Source: Science and Technology Daily | 2023-05-24 20:25:12 | Author: ZHU Rongsheng


State Councilor and Foreign Minister Qin Gang met with US Ambassador to China Nicholas Burns in Beijing on May 8, 2023. (PHOTO: Ministry of Foreign Affairs of China)

By ZHU Rongsheng

Recently, high-level officials from China and the U.S. held intensive discussions to bring bilateral relations back on to a steady and upward trajectory. During a meeting with U.S. Ambassador to China Nicholas Burns in Beijing on May 8, Chinese State Councilor and Foreign Minister Qin Gang emphasized the importance of avoiding a downward spiral in China-US relations. Qin said that the U.S. should not talk about communication while continuously suppressing and containing China.

In recent years, the U.S. government has pursued an offensive foreign policy towards China, including a trade war, and decoupling in high-tech chains, which has inevitably led to a deterioration in China-US relations.

However, the stable development of China-US relations has a deep influence on the global order. One major concern is whether sci-tech cooperation can be reestablished. In the view of the confrontation and prolonged competition between the two great powers, Antonio Guterres, Secretary-General of the United Nations, has expressed his concern that geopolitical competition will push the world order into two systems, dominated by China and the United States respectively.

While Chinese and U.S. government officials have engaged in strategic communications to maintain a stable relationship, the polarization of U.S. parties could pose significant challenges to those efforts.

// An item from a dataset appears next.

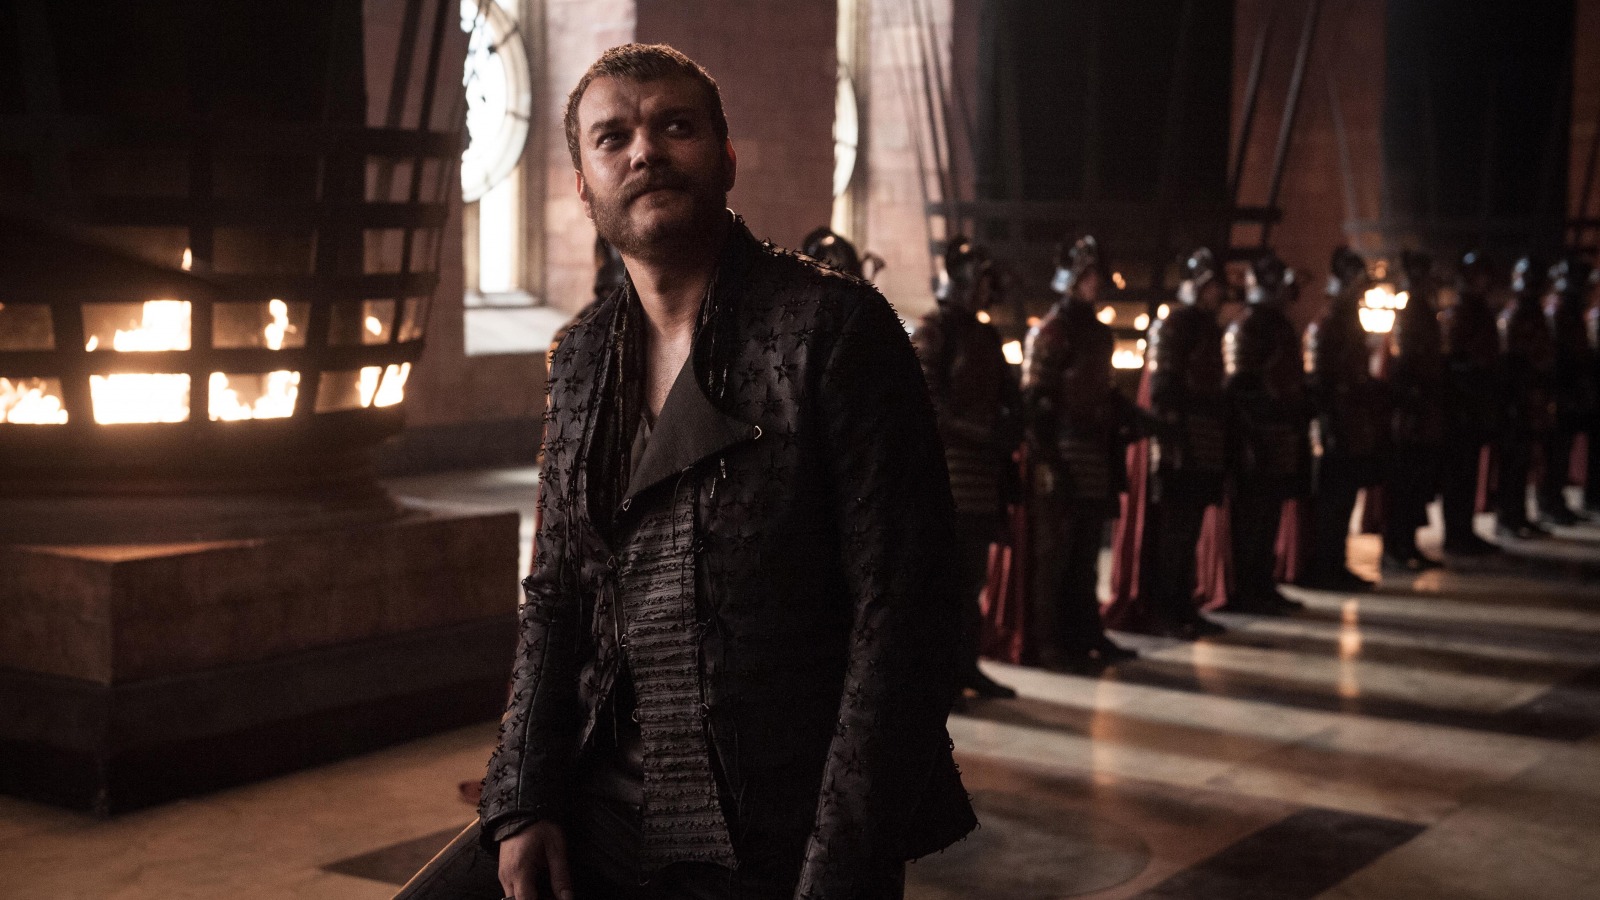 Why Euron Greyjoy changed so much on Game of Thrones

In the U.S. foreign policy decision-making system that carries out whole-of-government strategic competition with China, the U.S. Congress persistently anchors the narrative of the "China threat" and reinforces the so-called "anti-China Political Correctness of containing China." The key U.S. lawmakers are embarking on a path of dependence against competition with China.

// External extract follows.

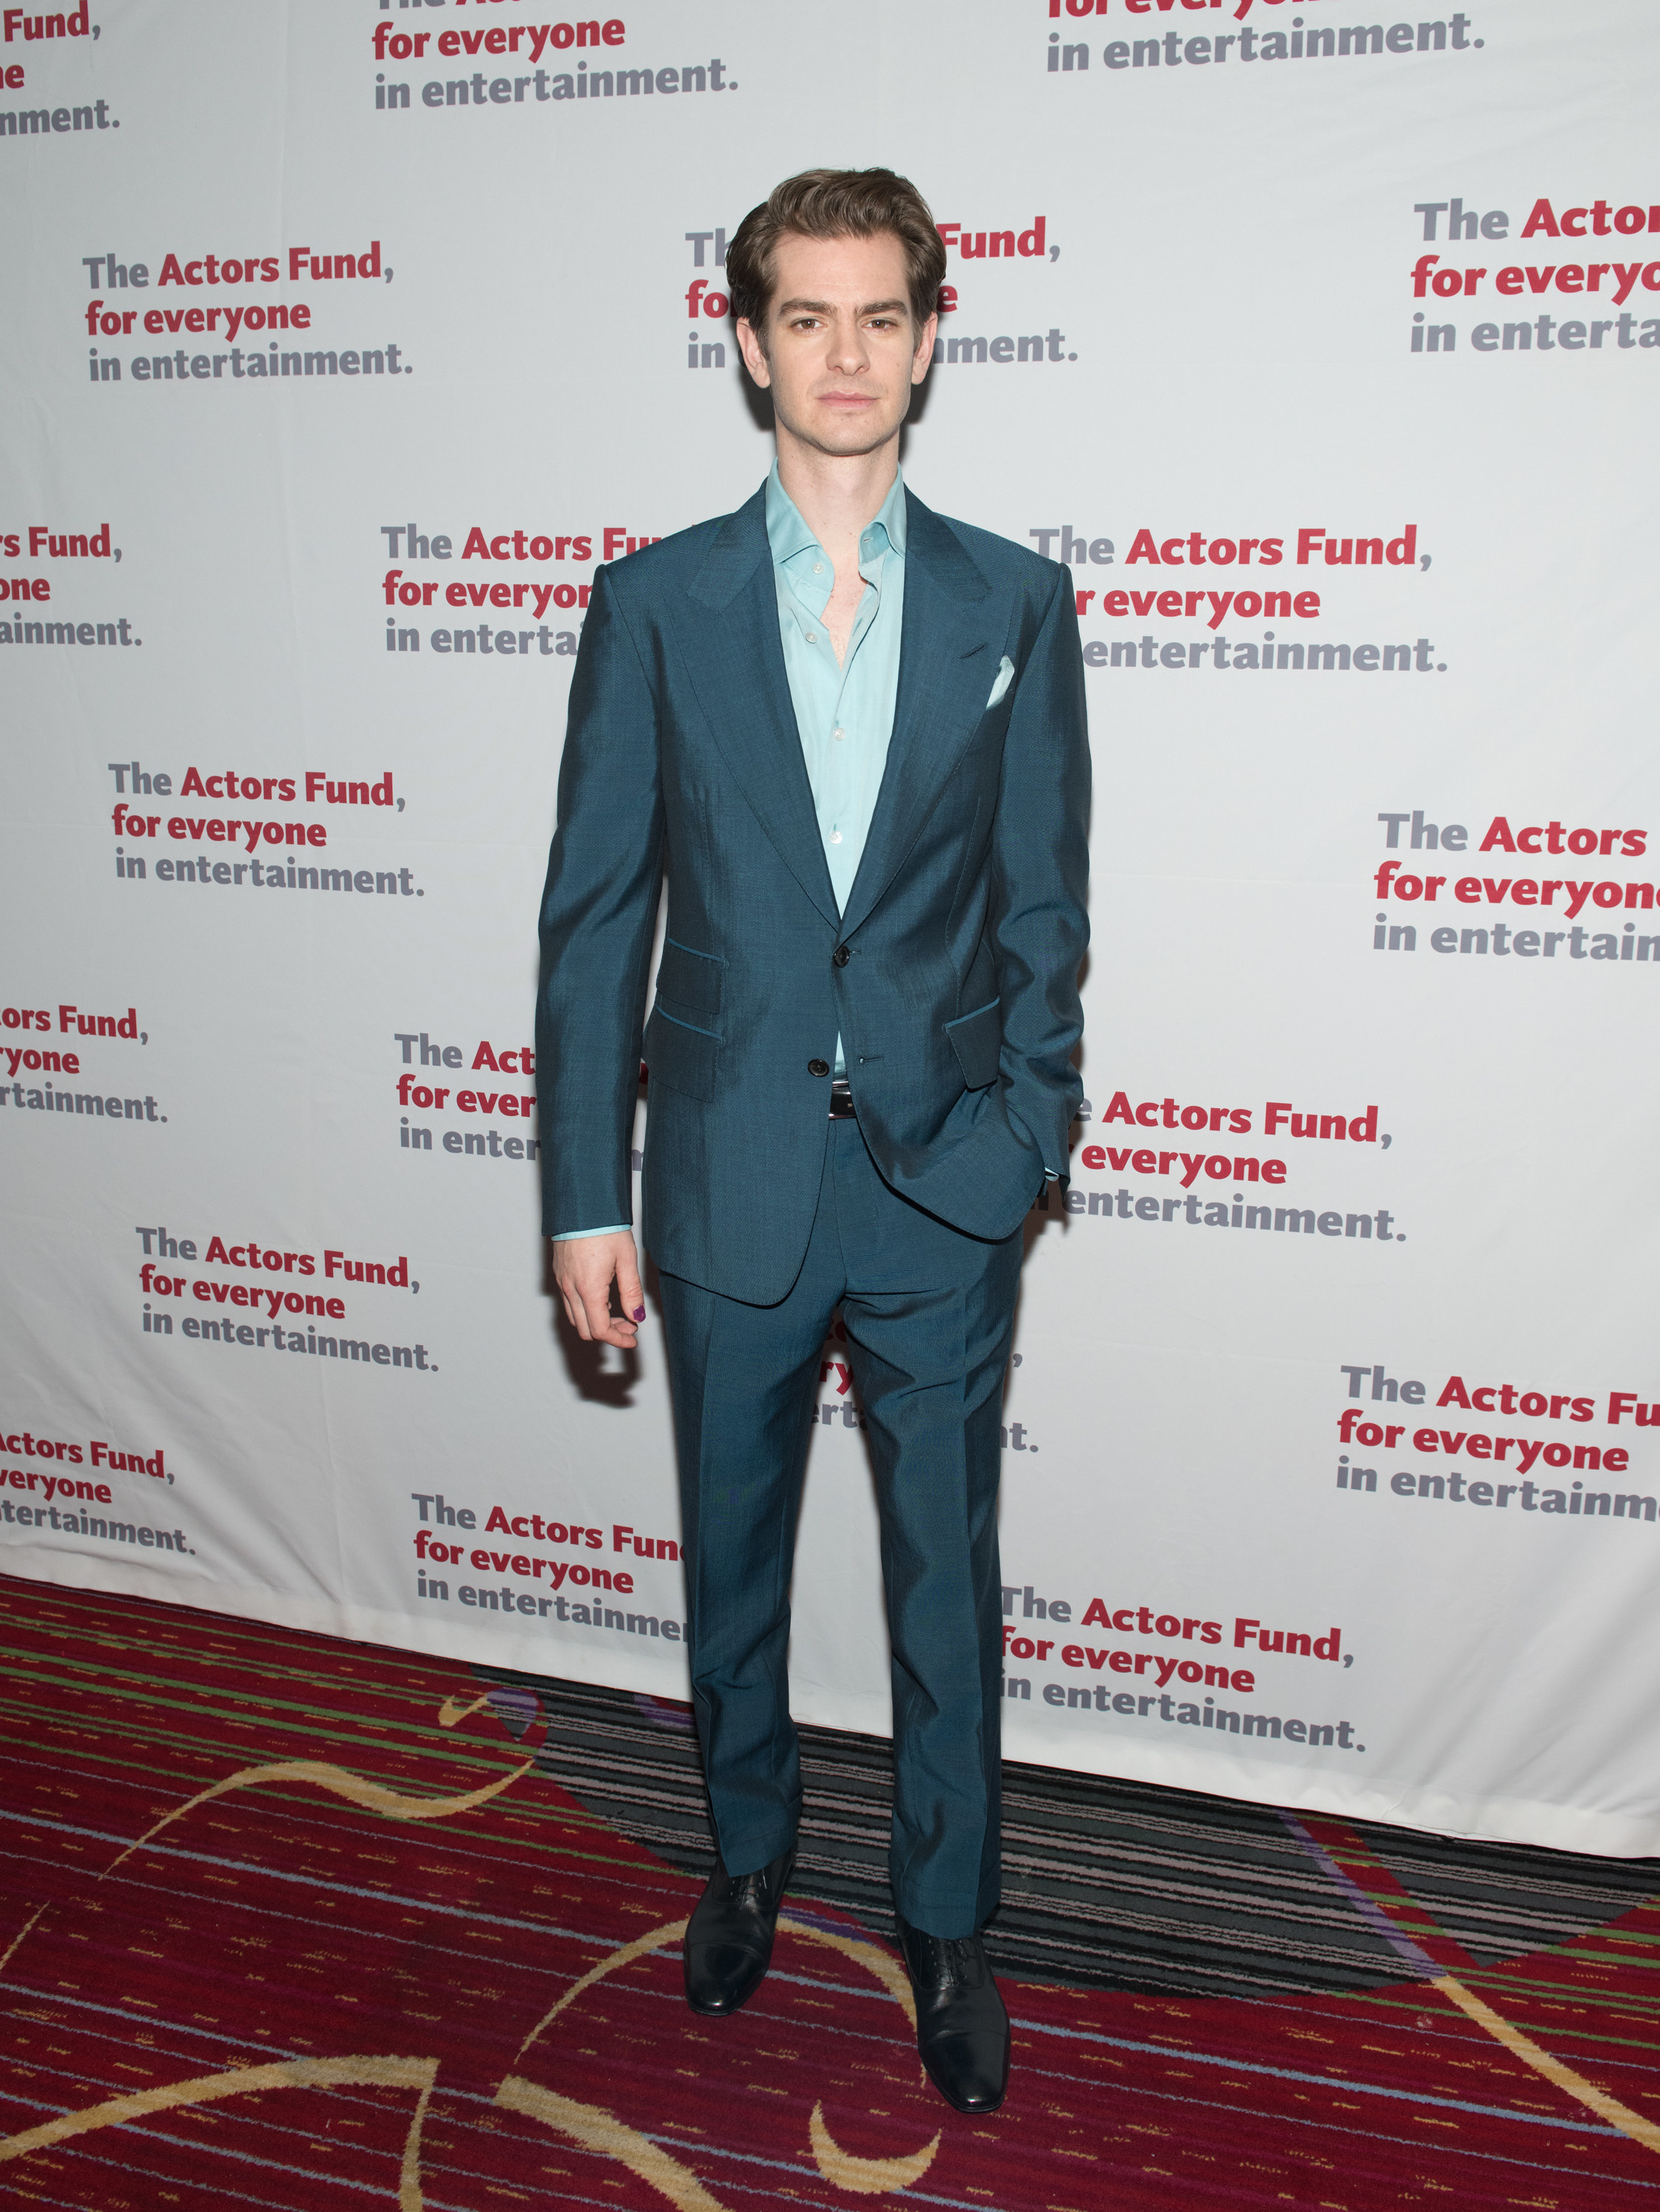 Andrew wears a turquoise suit and light blue shirt

The U.S. Congress had an intensive debate on the "China Competition Act"and promoted the adoption of the CHIPS and Science Act, and the Inflation Reduction Act. The "China Competition Act" promotes heavily subsidization to technology industries, precisely decouple technology chains against China, and attempts to lock China in the lower end of the industrial chain and encourage the friend-shoring global supply chains.

On May 3, Senate Majority Leader Chuck Schumer launched an upgraded version of the "China Competition Act 2.0 Initiative" limiting the flow of advanced technology to China, and curtailing the flow of investment to China to ensure U.S. global leadership in high technology. The initiative puts more emphasis on strengthening the technological investment and advantage of the United States through non-market means.

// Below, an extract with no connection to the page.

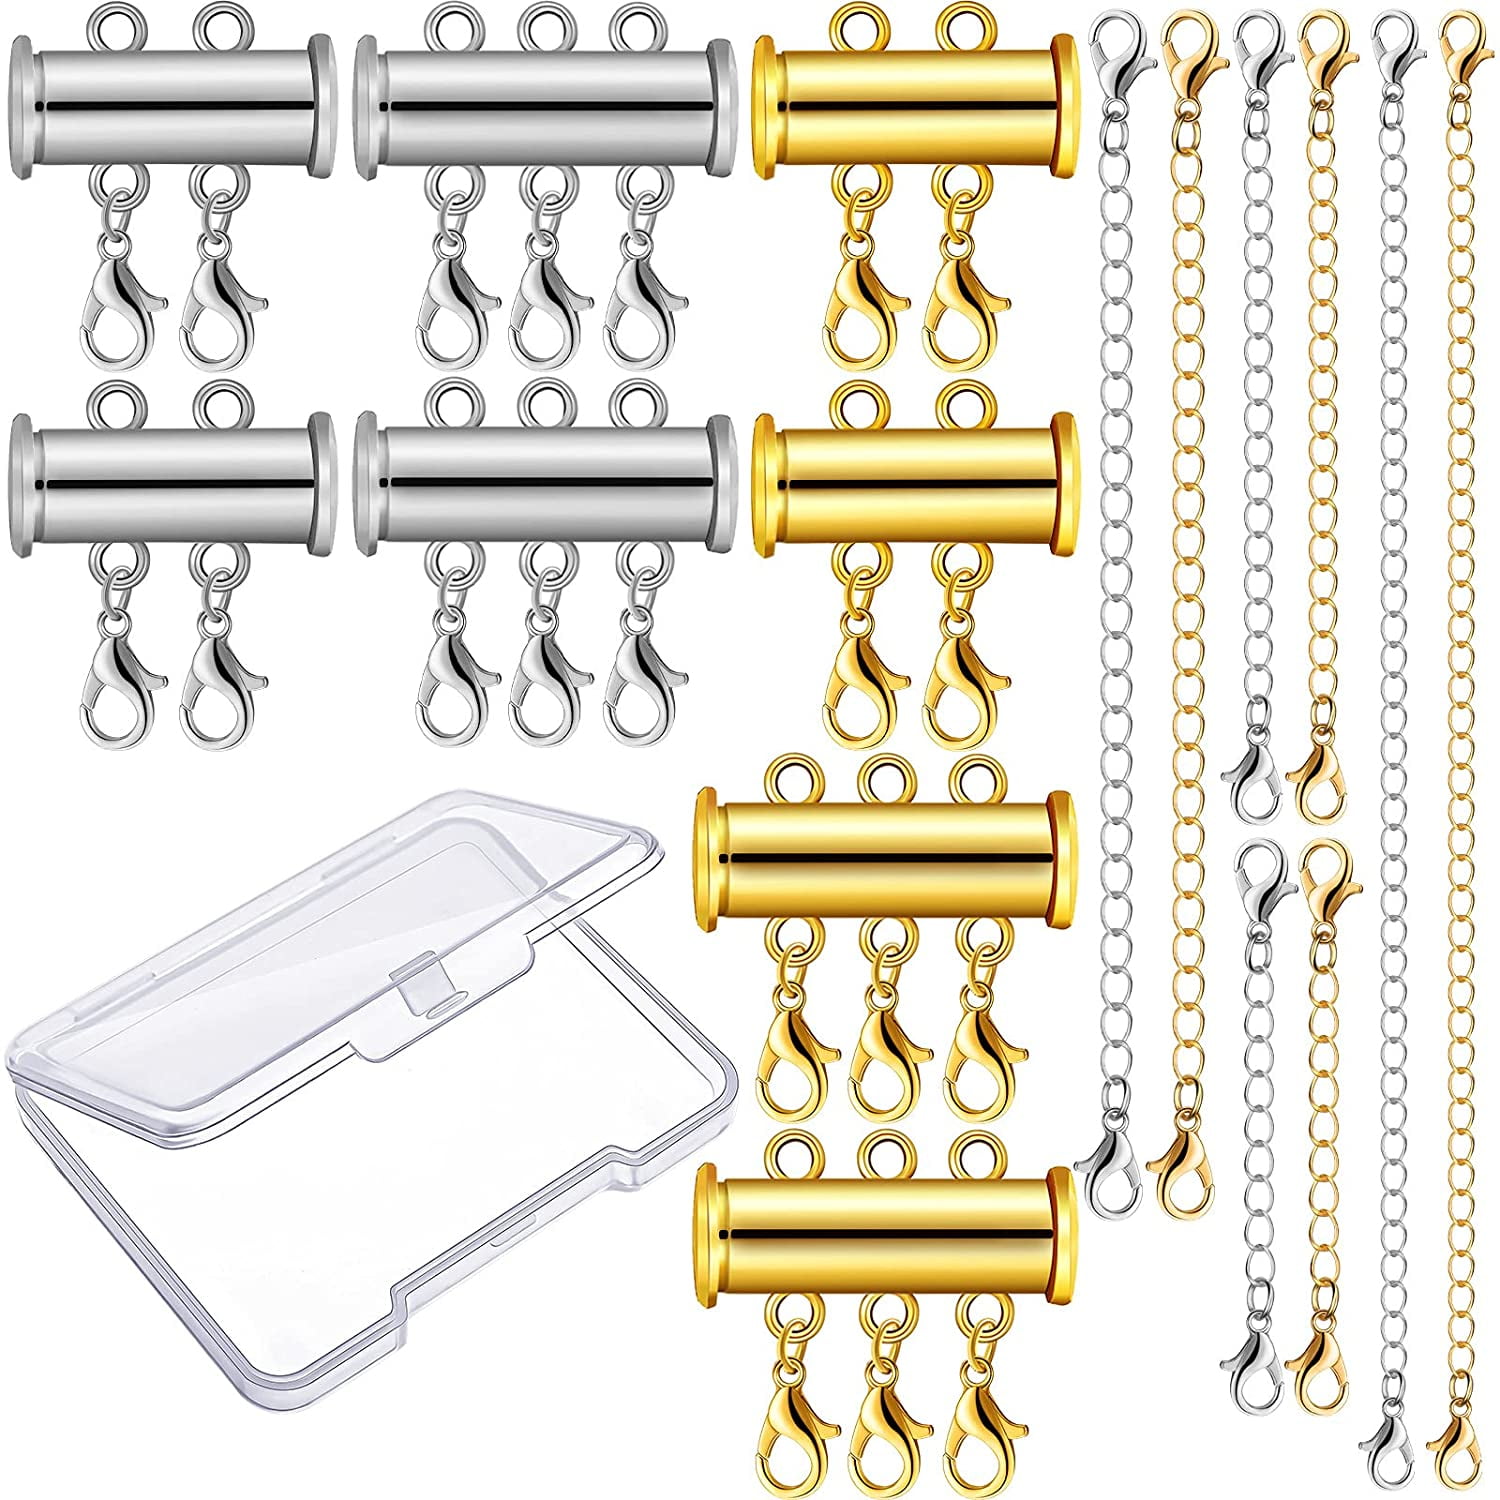 Layered Necklace Clasp, 4Pcs, 2 Size, Multi Strand Magnetic Jewelry Clasps, Necklace  Detangler Separator, Bracelet Connector Slide Tube Lock with Storage Box,  Gold & Silver, Bonus Safety Pins

What would it cost for the U.S. to force technology decoupling? In April, IMF released its latest World Economic Outlook report. According to the report, the decoupling policy implemented by the U.S. government and the previous "China Competition Act" in Congress will produce a "slowing growth in cross-border flows" effect. The IMF predicts that this could reduce global growth by two percent. And the U.S. will take a large share of the loss.

In addition to the long-term economic damage, the U.S. Congress's obsession with upgrading the "China Competition Act" will also be detrimental to the development of science and technology, and the growth of social welfare it brings.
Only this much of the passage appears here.